Problem = Restate the listing word for word. Stop at the line that holds "plate on top", include it, and leave out all pictures.

Data excerpt =

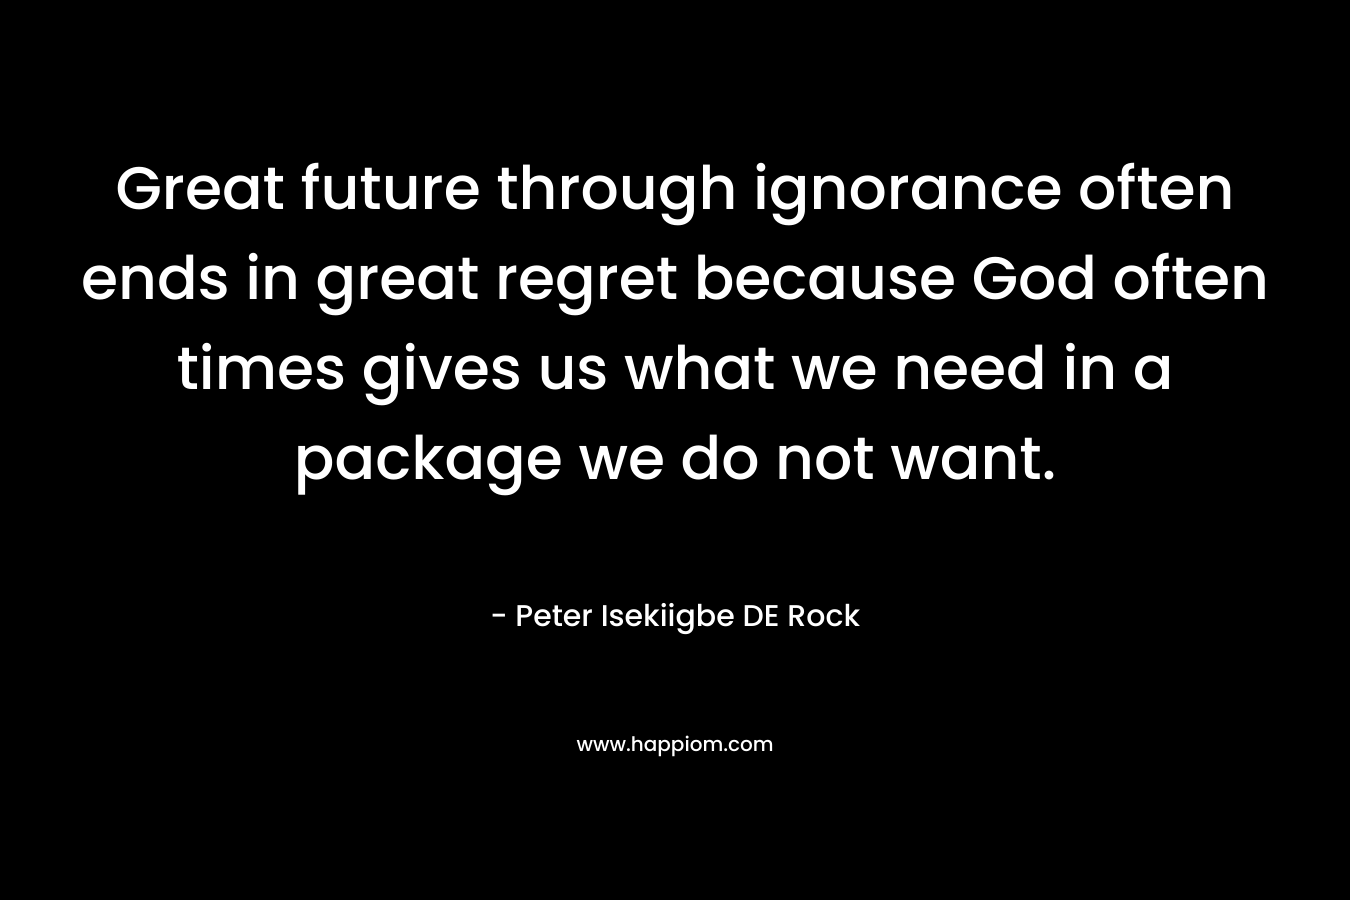 Great future through ignorance often ends in great regret because God often times gives us what we need in a package we do not want. – Peter Isekiigbe DE Rock
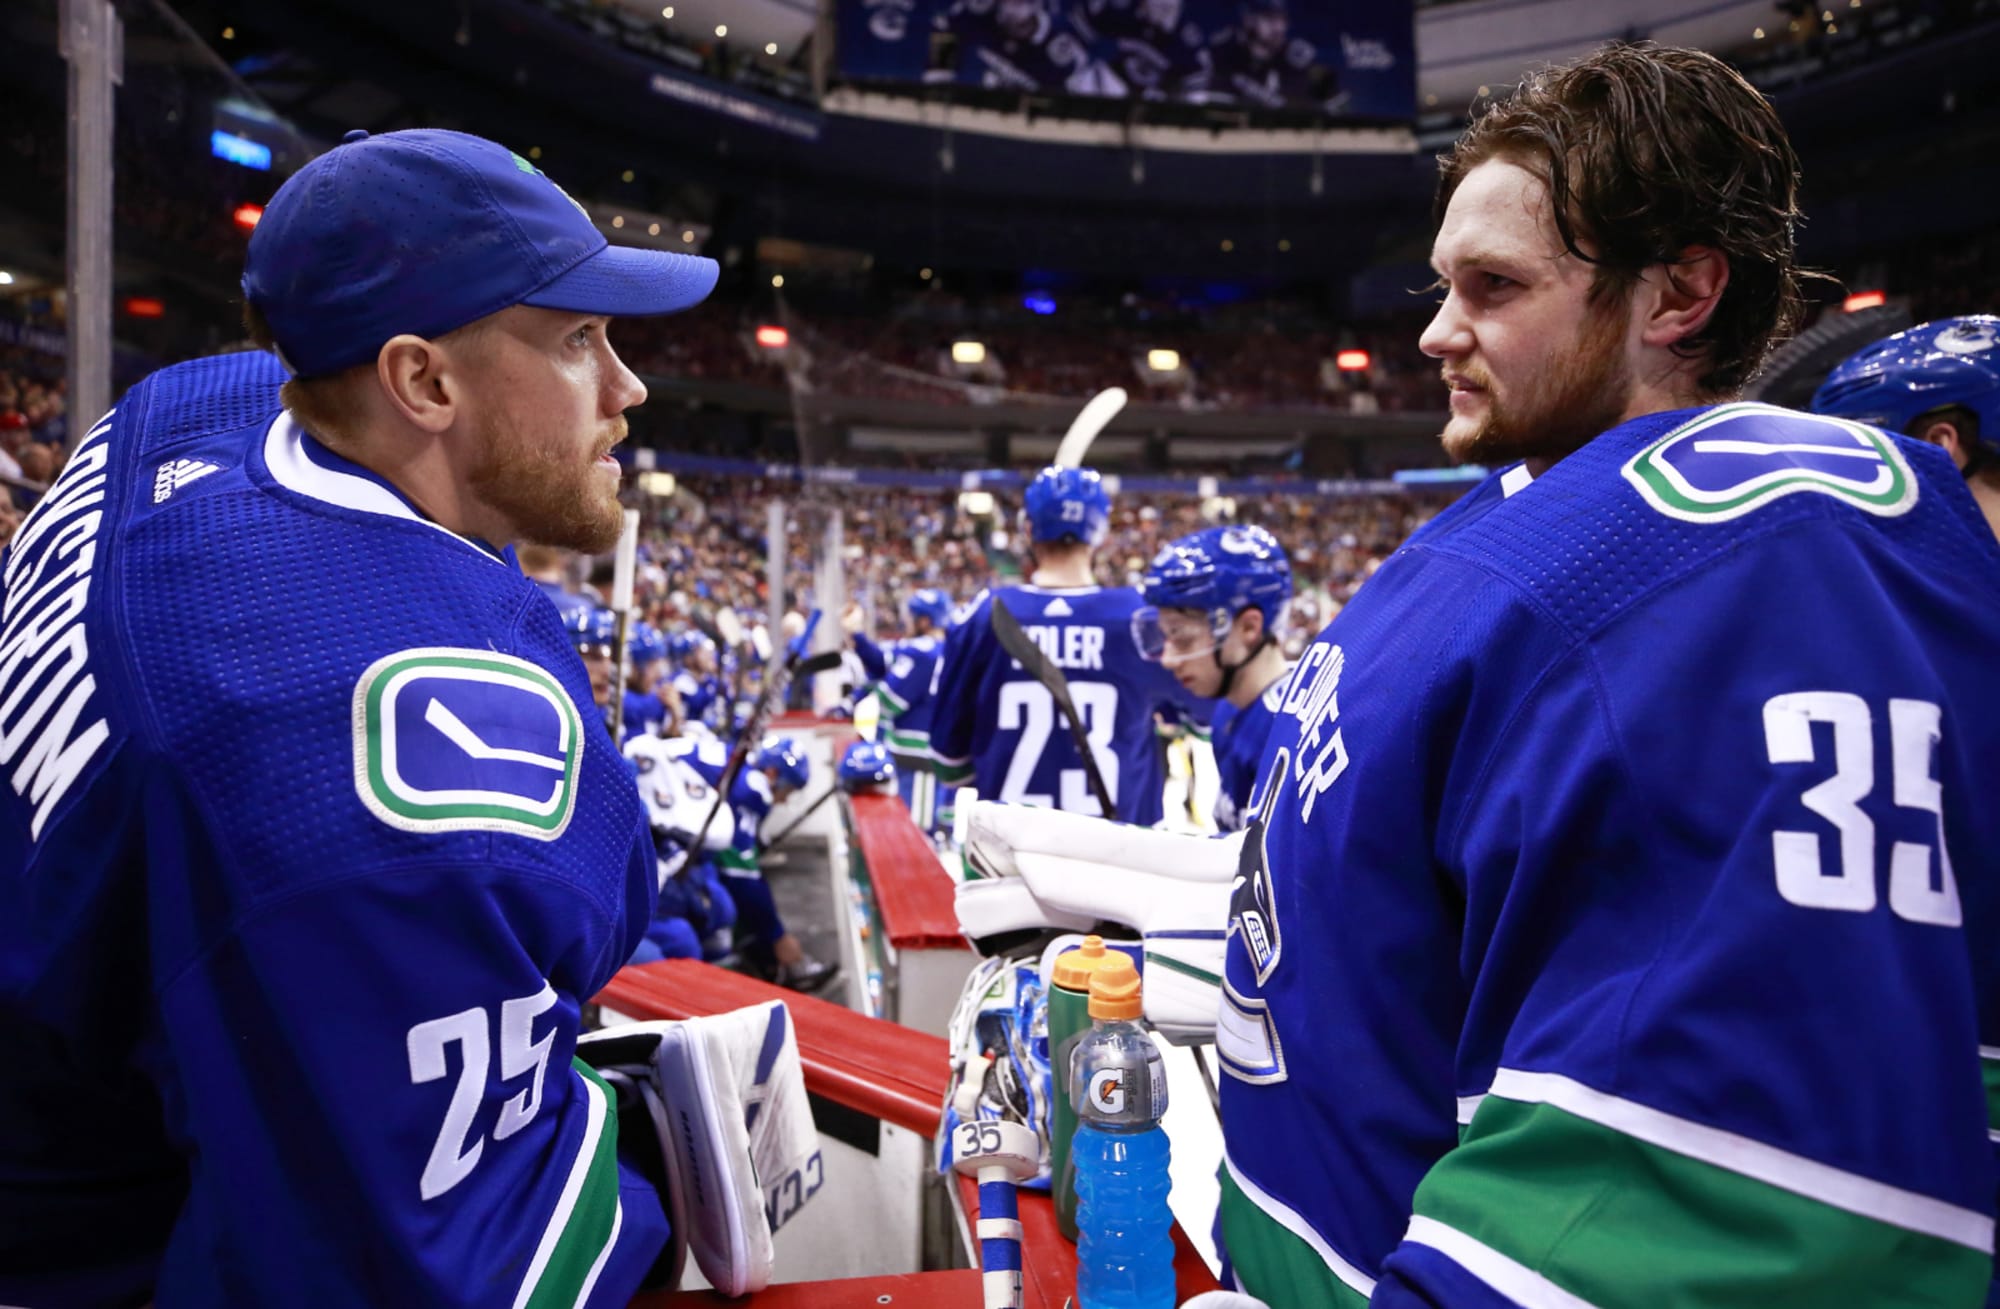 Vancouver Canucks on X: “Jacob Markstrom demonstrated incredible character  and focus, was a fierce competitor night in and night out, and was a big  part of our team. Equally impressive was his
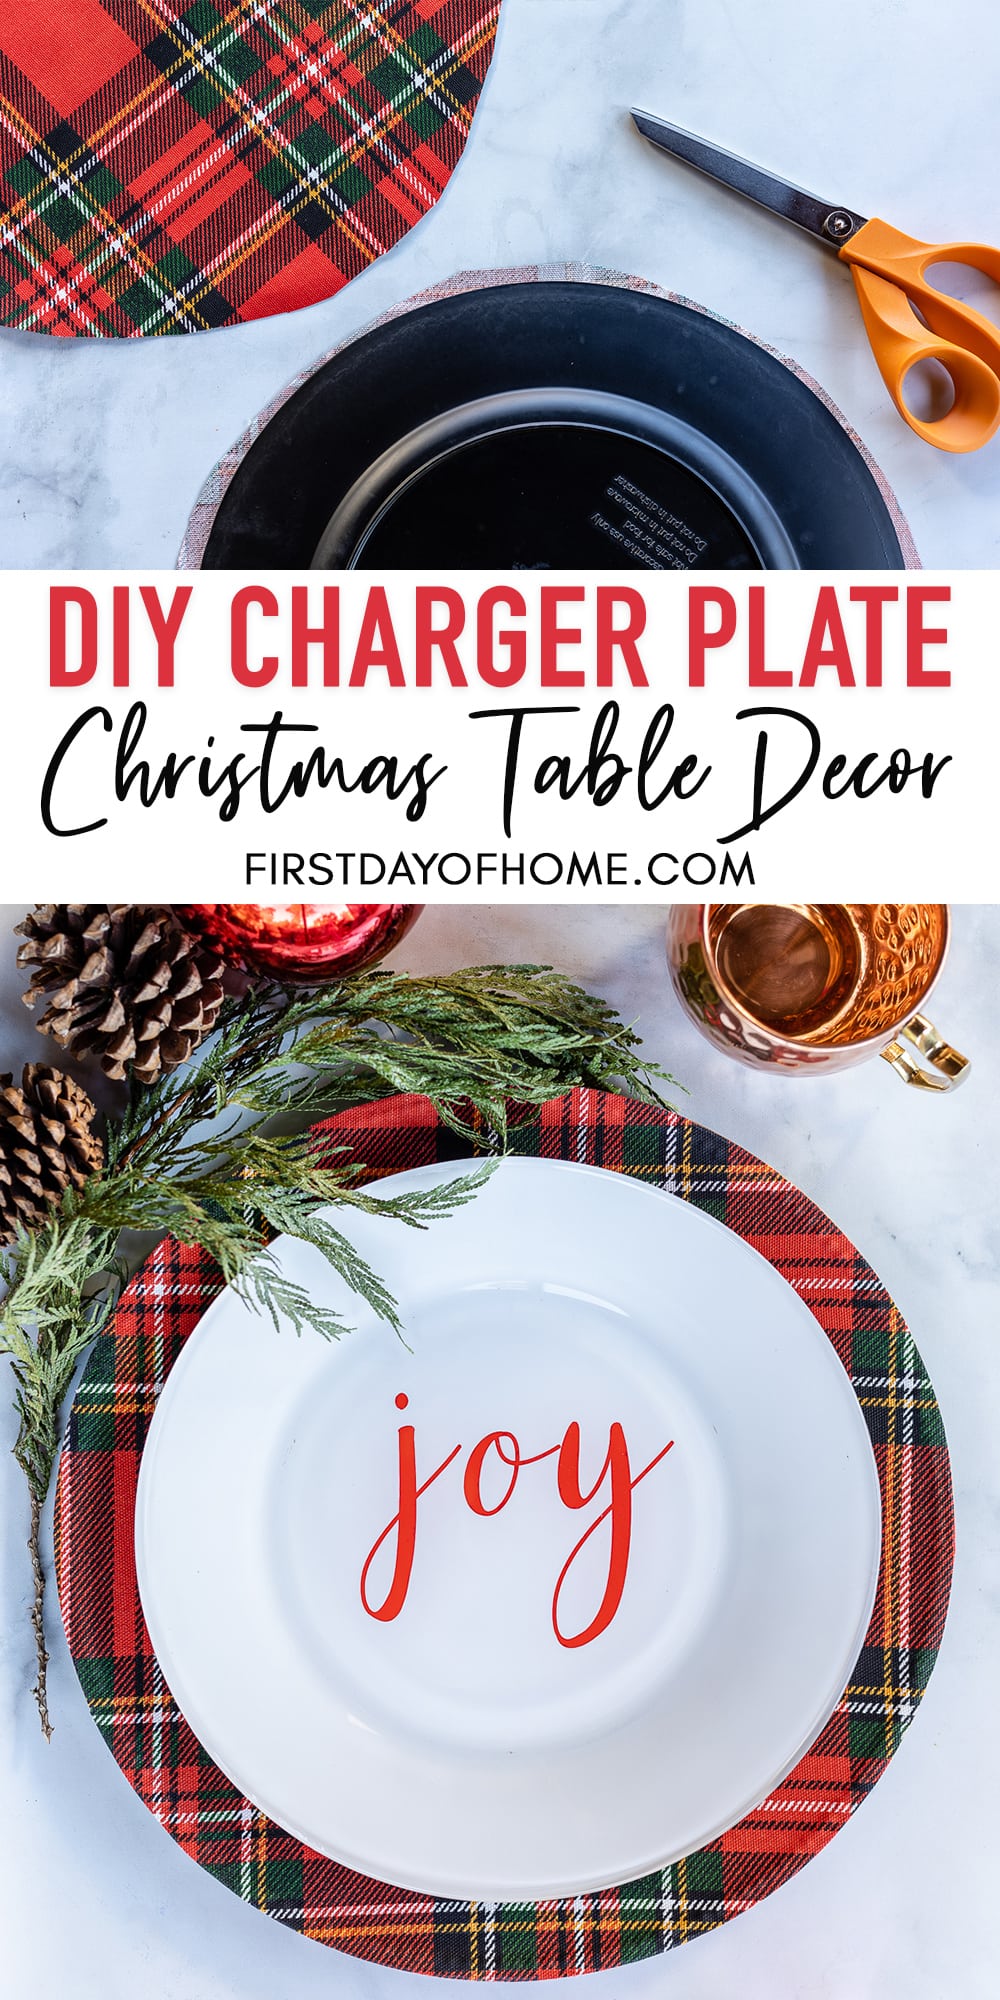 Pin reading "DIY Charger Plate, Christmas Table Decor" with images of a tartan plaid charger plate with a white Joy plate on top
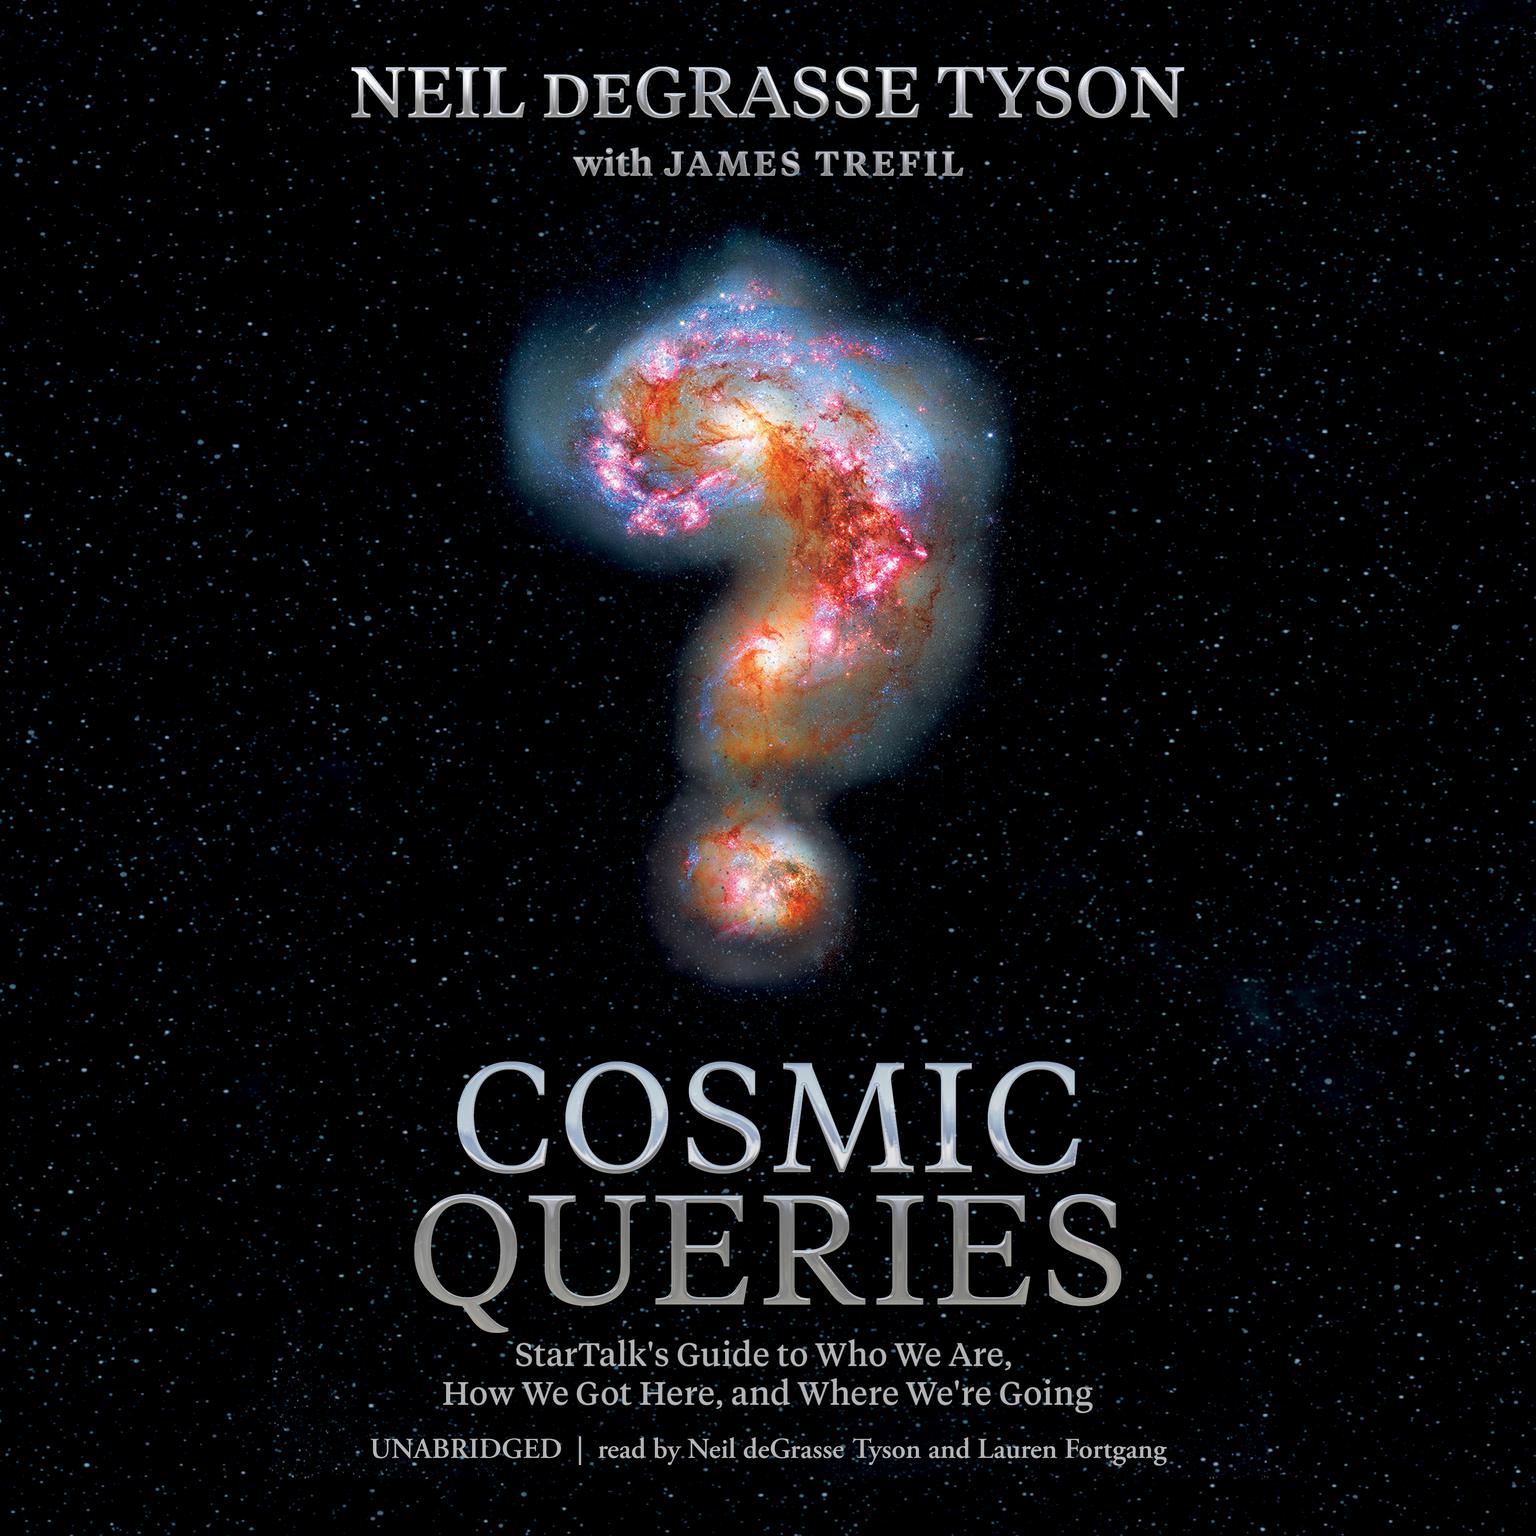 Cosmic Queries: StarTalk’s Guide to Who We Are, How We Got Here, and Where We’re Going Audiobook, by Neil deGrasse Tyson

Solution for this task =
 Great future through ignorance often ends in great regret because God often times gives us what we need in a package we do not want. – Peter Isekiigbe DE Rock
 Vancouver Canucks on X: “Jacob Markstrom demonstrated incredible character  and focus, was a fierce competitor night in and night out, and was a big  part of our team. Equally impressive was his
 Pin reading "DIY Charger Plate, Christmas Table Decor" with images of a tartan plaid charger plate with a white Joy plate on top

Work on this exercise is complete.